The remaining 19,500 big hatchery trout will be scattered in streams and lakes around the state. Densities are much lighter than on Keystone Select waters, though.

The maximum number of big trout per mile managed under general statewide regulations is five, for example.

But generally, all lakes get some, Nihart said. Most flowing waters do, too, though anglers with lunker trout on the mind should concentrate their efforts on bigger streams.

“Obviously, if you have a smaller stream, you can’t put nearly as many of those larger fish in as you could in a small river or large stream,” Nihart said.

The commission is also stocking 8,700 or so of the wildly popular, and even more wildly colored, golden rainbows, commonly called palominos.

“Most of the time, we shoot for those to be 14 inches. But typically, they’re bigger than that,” Nihart said.

There’s still more.

Sportsmen’s clubs in the commission’s cooperative nursery program are stocking another one million trout across the state.

Co-ops get trout as fingerlings – three to four inches long – from the commission. They raise them at their own expense, then stock them in waters open to public fishing.

Often, those waters are ones not on the commission’s stocking list.

Add it up and it’s a lot of fish.

The idea, Nihart said, is that many of them will get taken home for the table.

Like pheasants released by the Pennsylvania Game Commission, stocked trout are a “put and take” commodity, Nihart said. They’re most often put into “marginal” waters, where the kind of cold water trout need to survive gets scarce in summer.

So the commission expects – even hopes – that anglers will make use of them before that.

“We don’t stock fish in anticipation of them carrying over year to year. We encourage people to harvest the fish that we stock,” he added.

So get your gear ready. Opening day is almost here.

It’s time to fish.

Trout season and record fish

The Pennsylvania Fish and Boat Commission maintains a listing of state record fish, broken down by species.

There are categories for brook, brown, rainbow and golden rainbow (as well as lake trout and steelhead).

Beating a record is not necessarily impossible. But it is difficult.

Trout season brings the potential for big fish.

This is Pennsylvania’s state record golden rainbow trout, caught in 2008.
Photo: Fish and Boat Commission

The standard bearer for golden rainbows is a 13-pound, 8-ounce fish caught by then-12-year-old Eli Borger of Palmerton from Mahoning Creek in Schuylkill County in 2008.

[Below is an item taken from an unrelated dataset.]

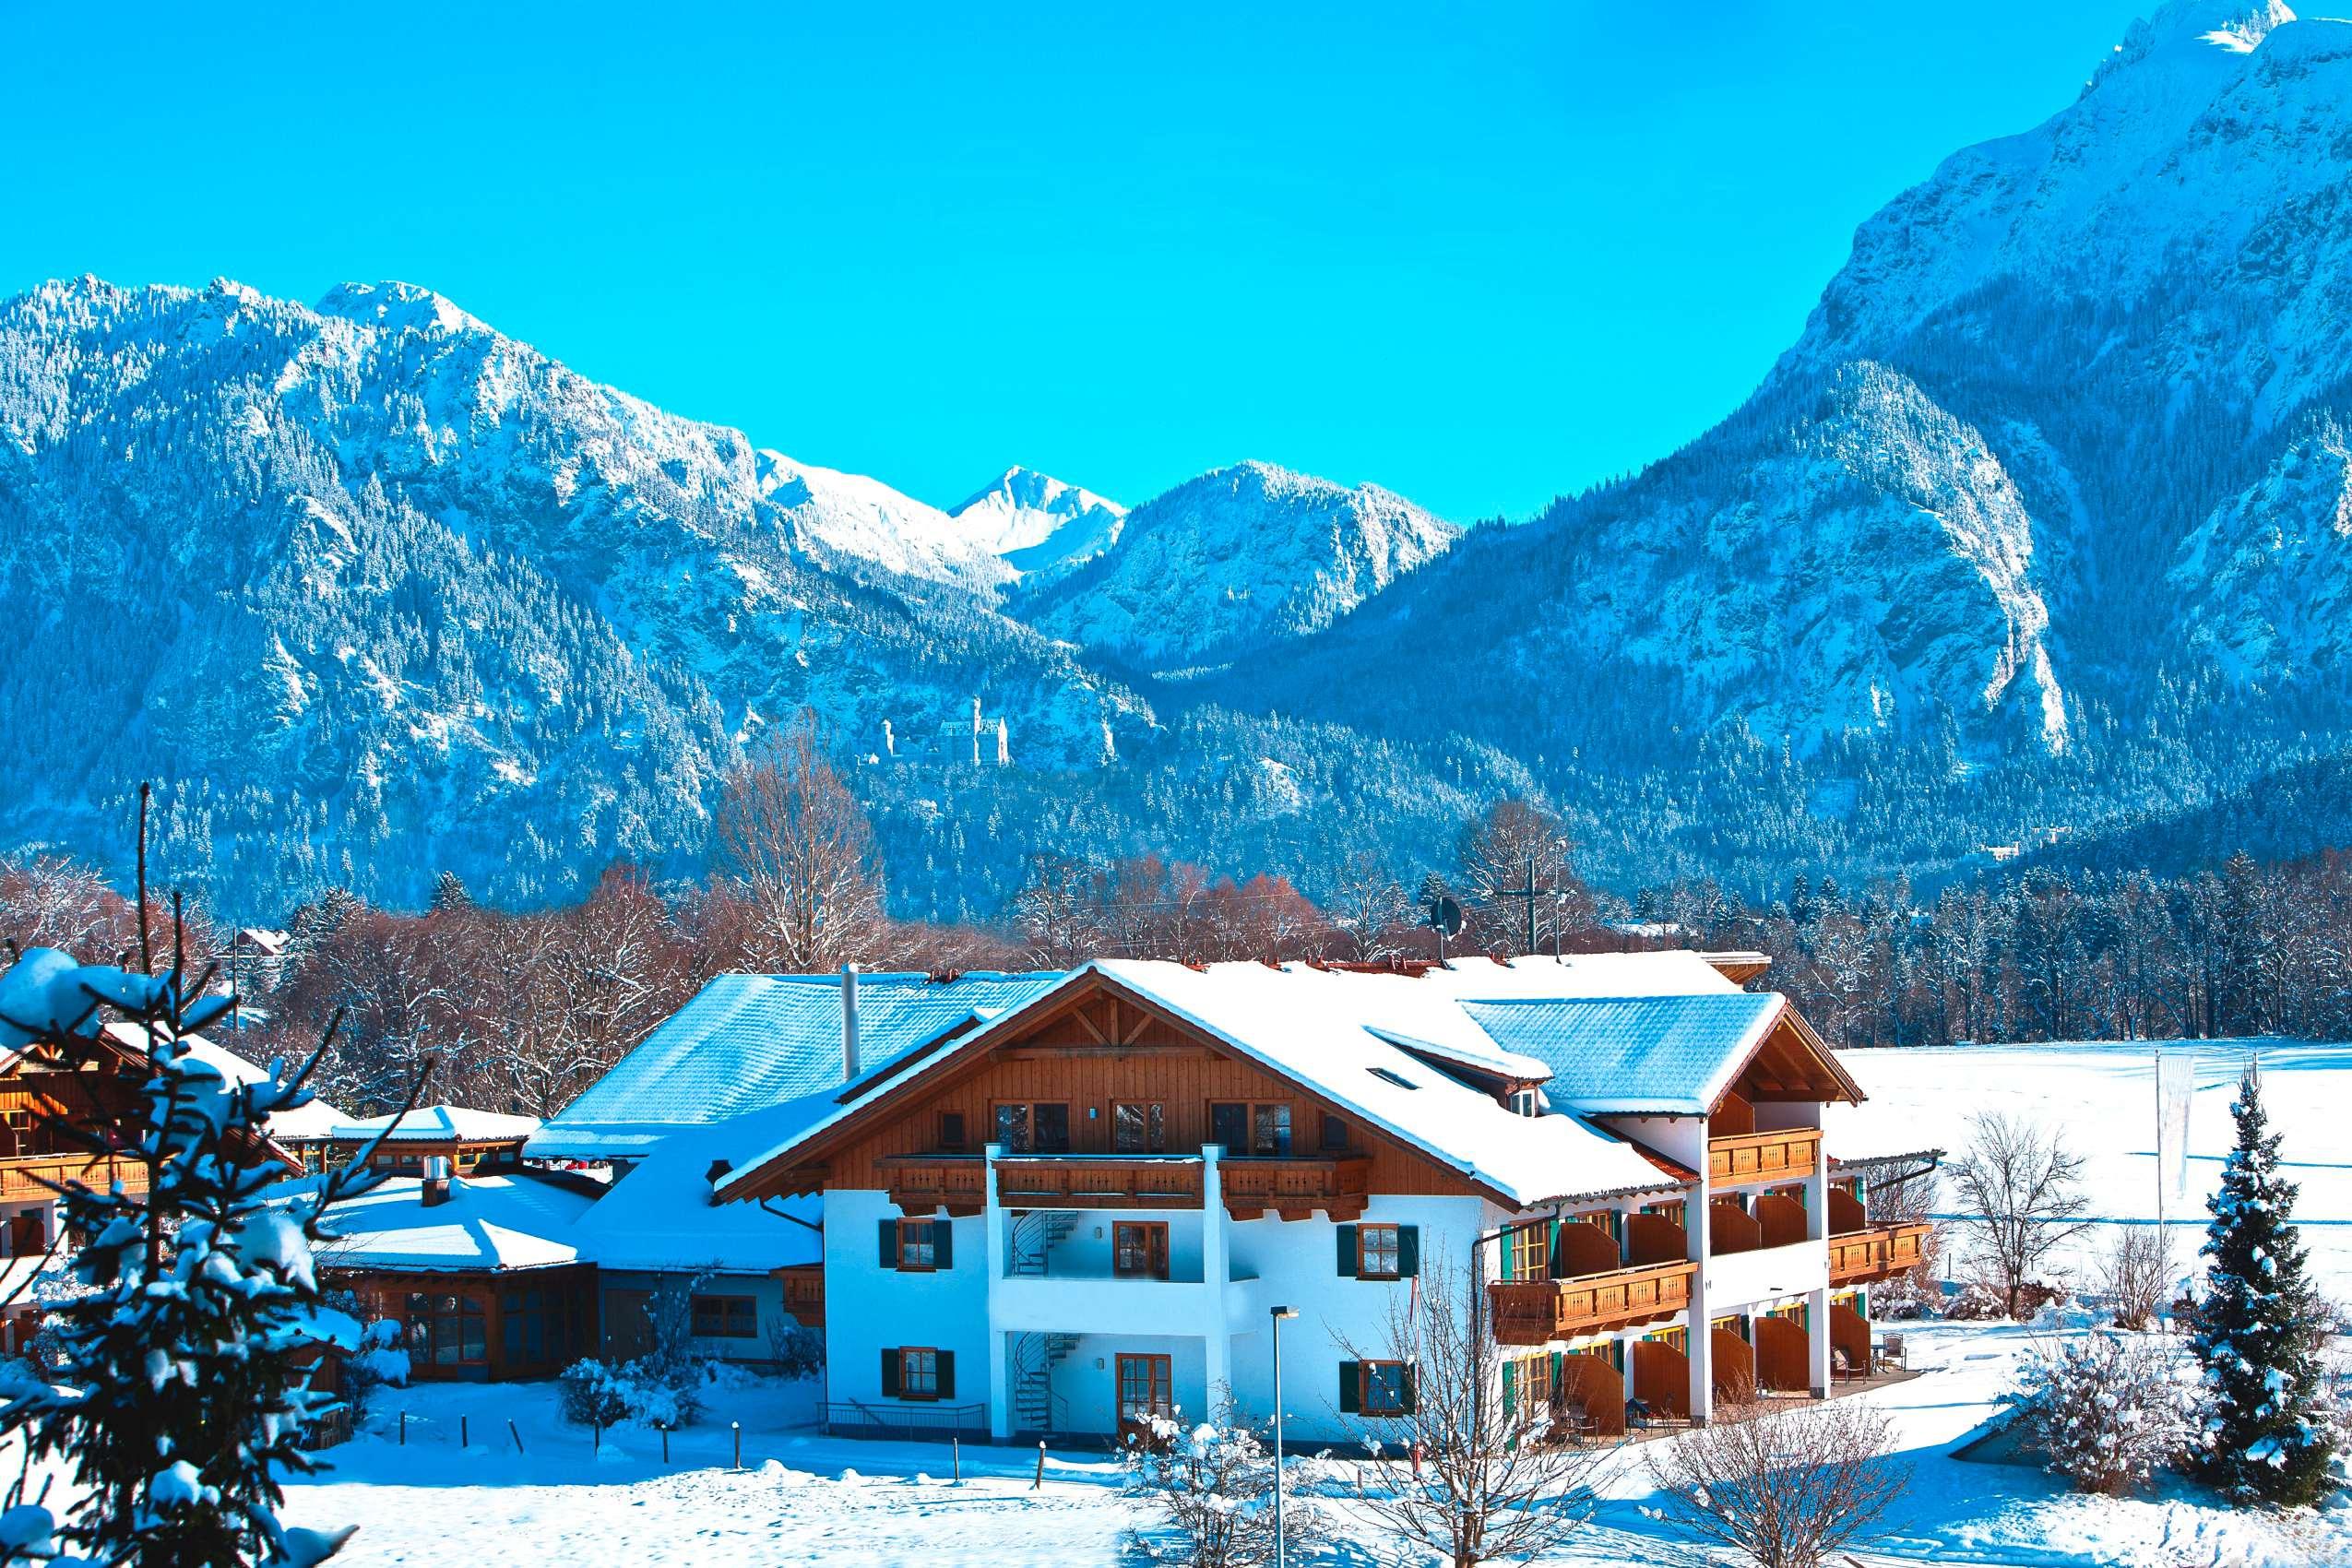 Hotelansicht_im_Schnee

It was apparently bested last year.

A Quakertown angler named Mychael Althouse caught a 13-pound, 11-ounce golden rainbow from Little Lehigh Creek.

Althouse decided against officially entering his fish for record consideration, preferring to let Borger retain his top spot.

Still, that’s 10 years between record fish.

The other records are even older.

The rainbow trout record dates to 1986, the brook trout record to 1996, and the brown trout record to 2000.

To top any of those marks, anglers this year will likely have to find either a holdover trout that’s grown fat over time or one stocked by a private club or nursery, said the Fish and Boat Commission’s Dave Nihart.

“There have been some anomalies out there. But usually we don’t try to stock record fish,” Nihart said.

“So chances are when you come across a fish like that, it’s not a Fish and Boat Commission-stocked fish.”